So as a mother who doesn't get many of those precious moments, when I say "sleep when the baby sleeps" (and make myself cringe because I hated others saying it on loop) and "Treasure every most of the moments", I don't want to weigh you down, mama. I just want you to remember to, on occasion, say f*** it to the chores and lists of things to accomplish, and go lie down with your baby. Even if you don't sleep but just get a chance to lie down, recharge, breath in your baby and feel yourself relax as you listen to your baby's sweet, sweet little breaths, I promise you this: you will never look back at that moment with regret. Yes, of course you need to have alone time and be able to do other things too, so I'm by no means saying you have to do these things religiously. I'm just saying that the rest of the world can wait sometimes and we ALL need to be reminded of that sometimes. This doesn't just apply to mothers, I think we could all do with remembering to be kind to ourselves sometimes, but as the saying goes "a mother's work i ne'er done" so we definitely need the extra push.
This morning my husband took our eldest daughter to her ballet class and brought her younger sister along, leaving me at home with the baby. The class is only half an hour long so he took them to the grocery store (which is one of the reasons I know he really loves me, because taking them with him to the shops is something he generally finds immensely unpleasant) to make sure they were all out of the house for longer. It's not uncommon for him to do this, however it is also not unusual for me to get on with a million little tasks that I've been dying to do but haven't been able to with three children running/crawling about the place. Lately the kids have been sleeping abysmally though and I have been feeling incredibly run down the last few days. After over five years of bad sleep (because let's face it the sleep problems start during pregnancy!) you'd think I'd be used to running on empty, but that's definitely not the case and there's only so much all the coffee (not even going to admit how many cups I have daily) can do.

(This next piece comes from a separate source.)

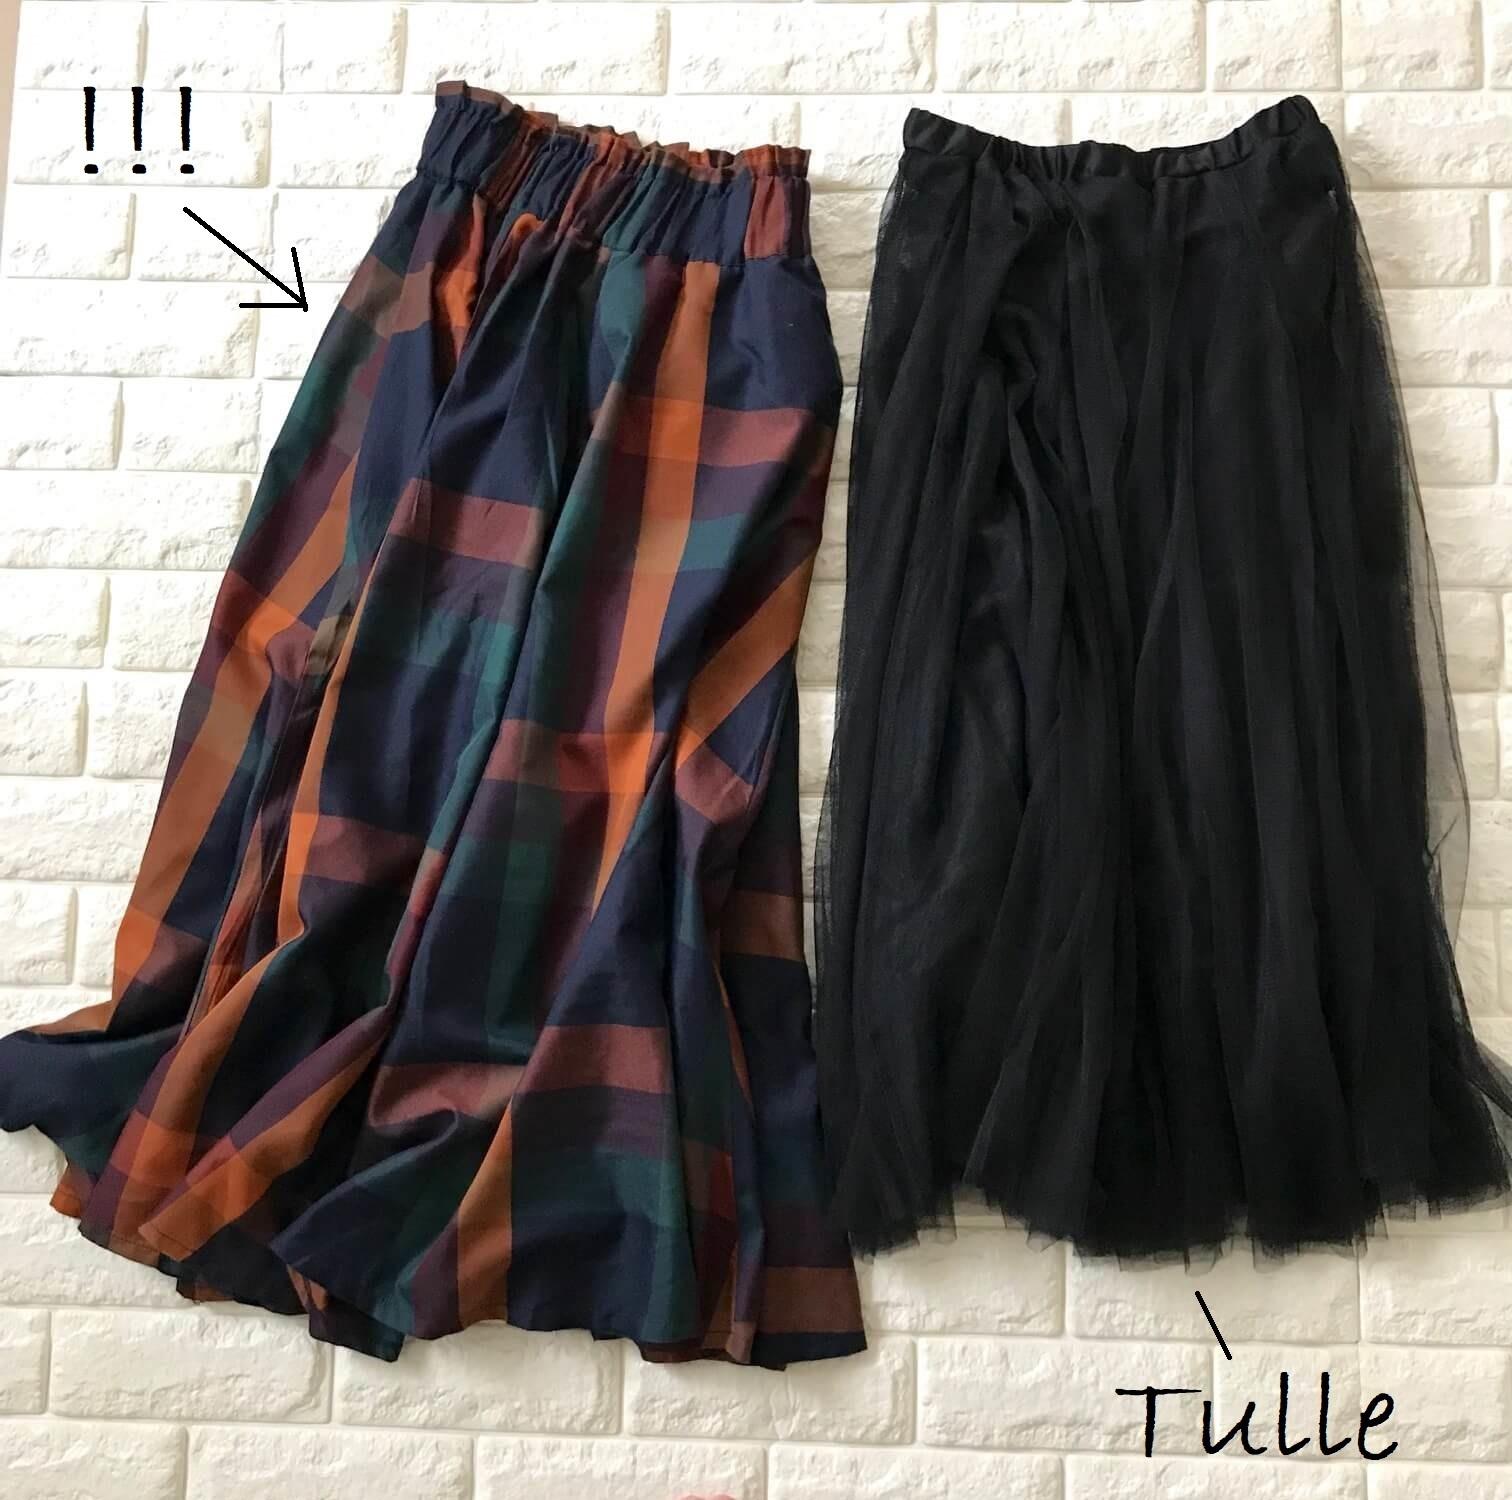 tiptopのチュールとチェック柄スカート並列画像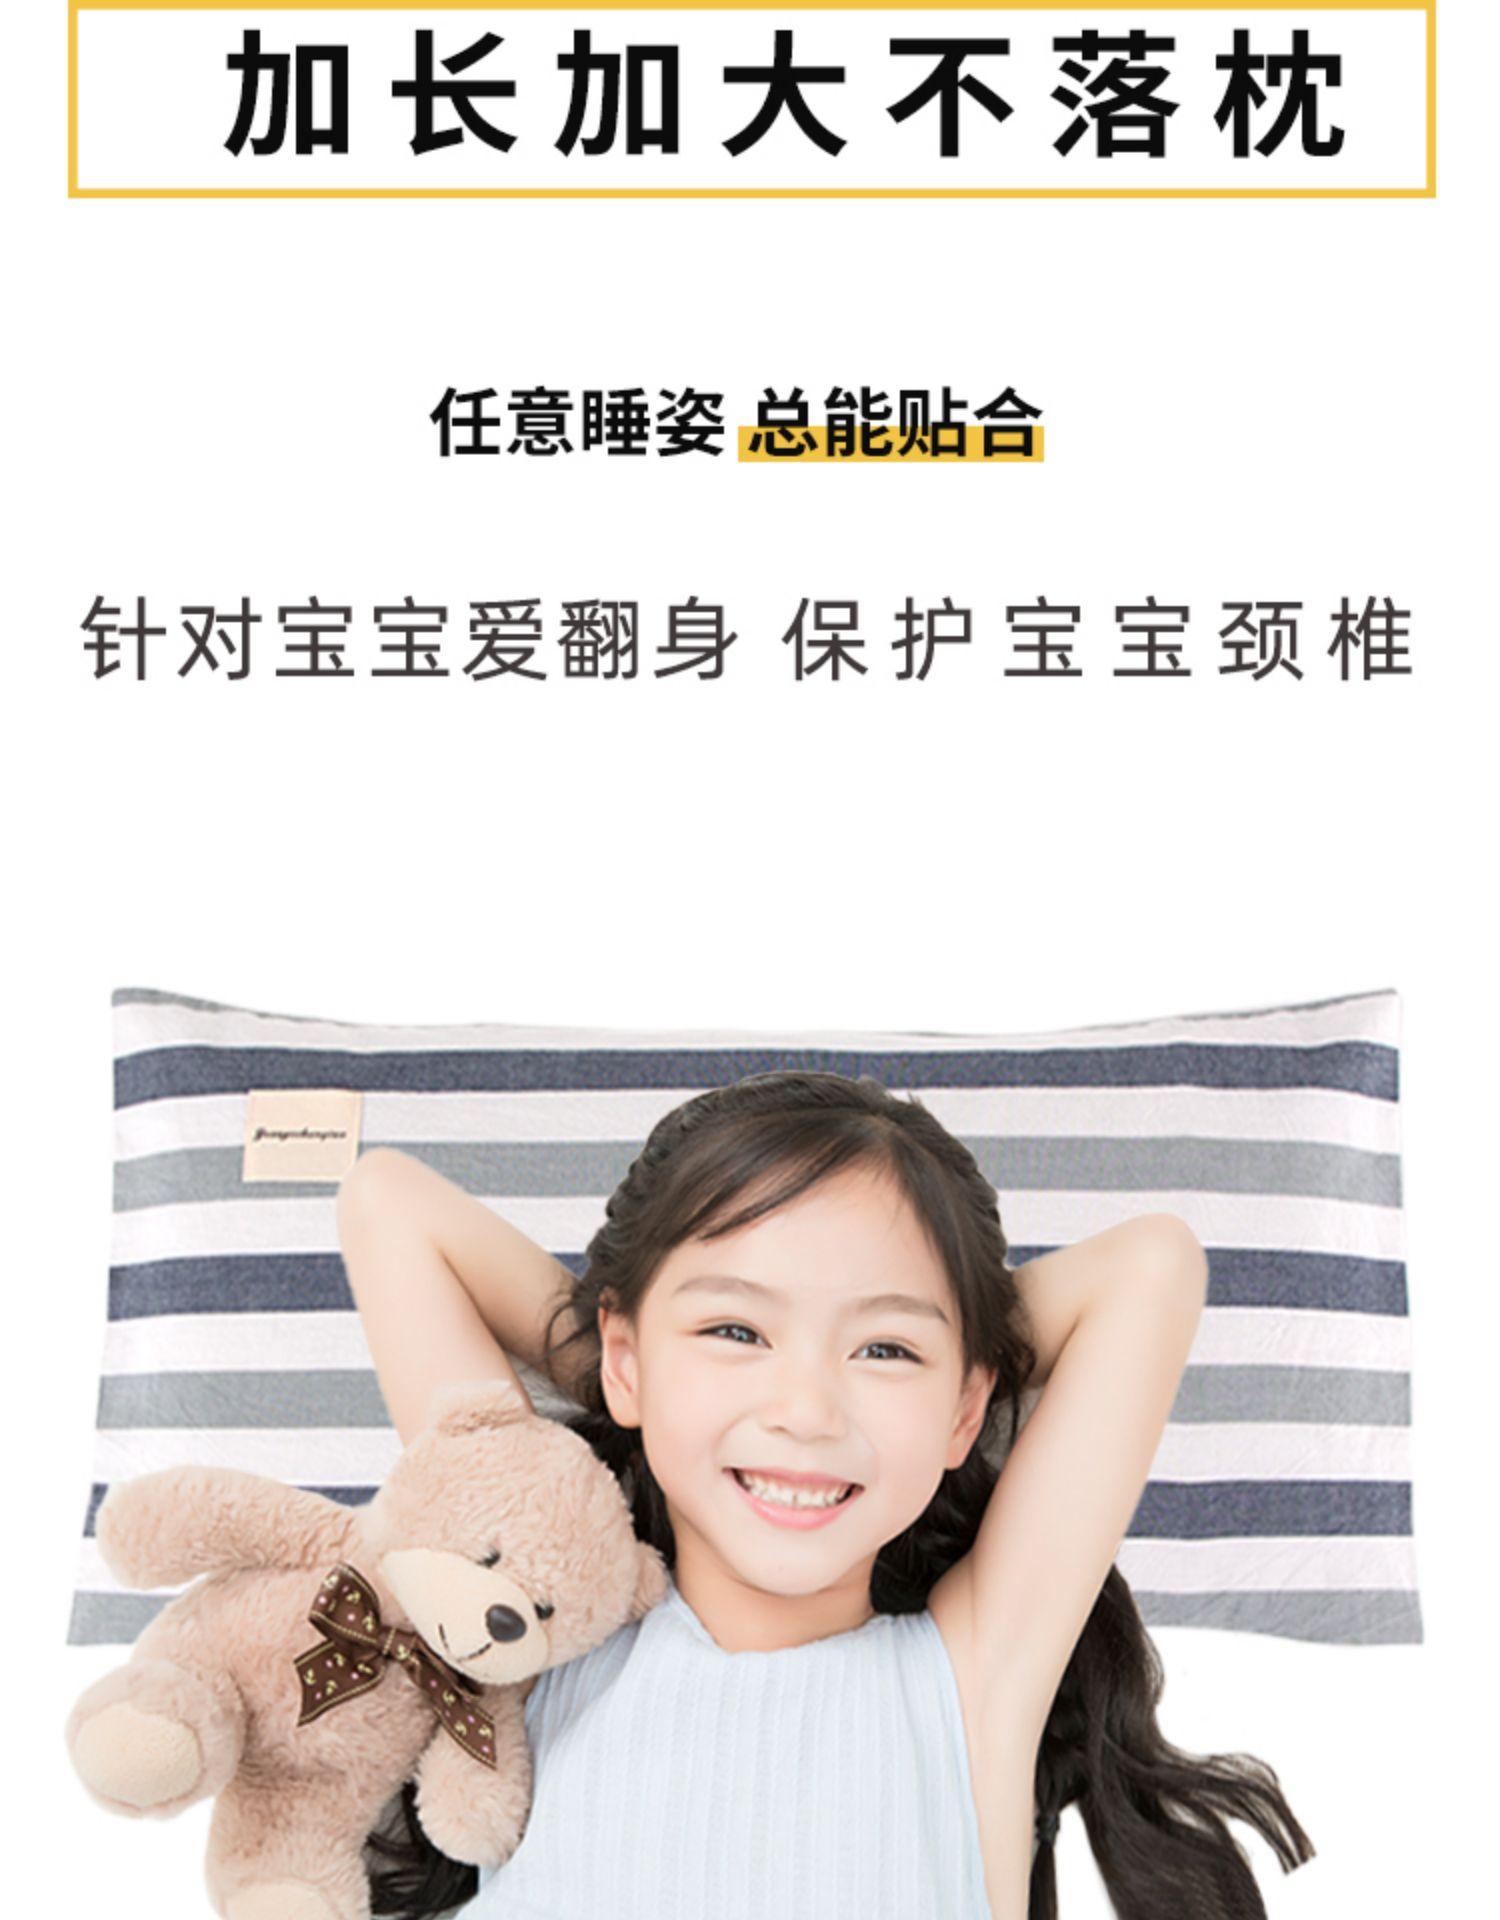 儿童荞麦枕头加长岁以上小孩幼儿园宝宝专用护颈枕头四季详细照片

Anyway this morning the house was empty, well nearly, and when the wee one was ready for his nap I closed all the curtains in the master bedroom and snuggled up to my almost nine month old little boy. I didn't get more than a short snooze myself despite him sleeping for well over an hour, but that didn't matter because I got to lie there and look at him in wonder. I have no idea how he's become so big and in the blink of an eye it will be his first birthday. We don't get many sweet moments like today, infinitely fewer than I ever got with either of his sisters, and even if I didn't get all the sleep I needed I got a chance to well and truly treasure a rare moment with my baby.
Don't let all the unwanted comments, advice and opinions bring you down or make you feel stressed because you aren't loving everything about motherhood. You're only human and we all hit hurdles because it is relentless, try to joke about the shitty bits and enjoy the moments you can, but most of all be kind to yourself!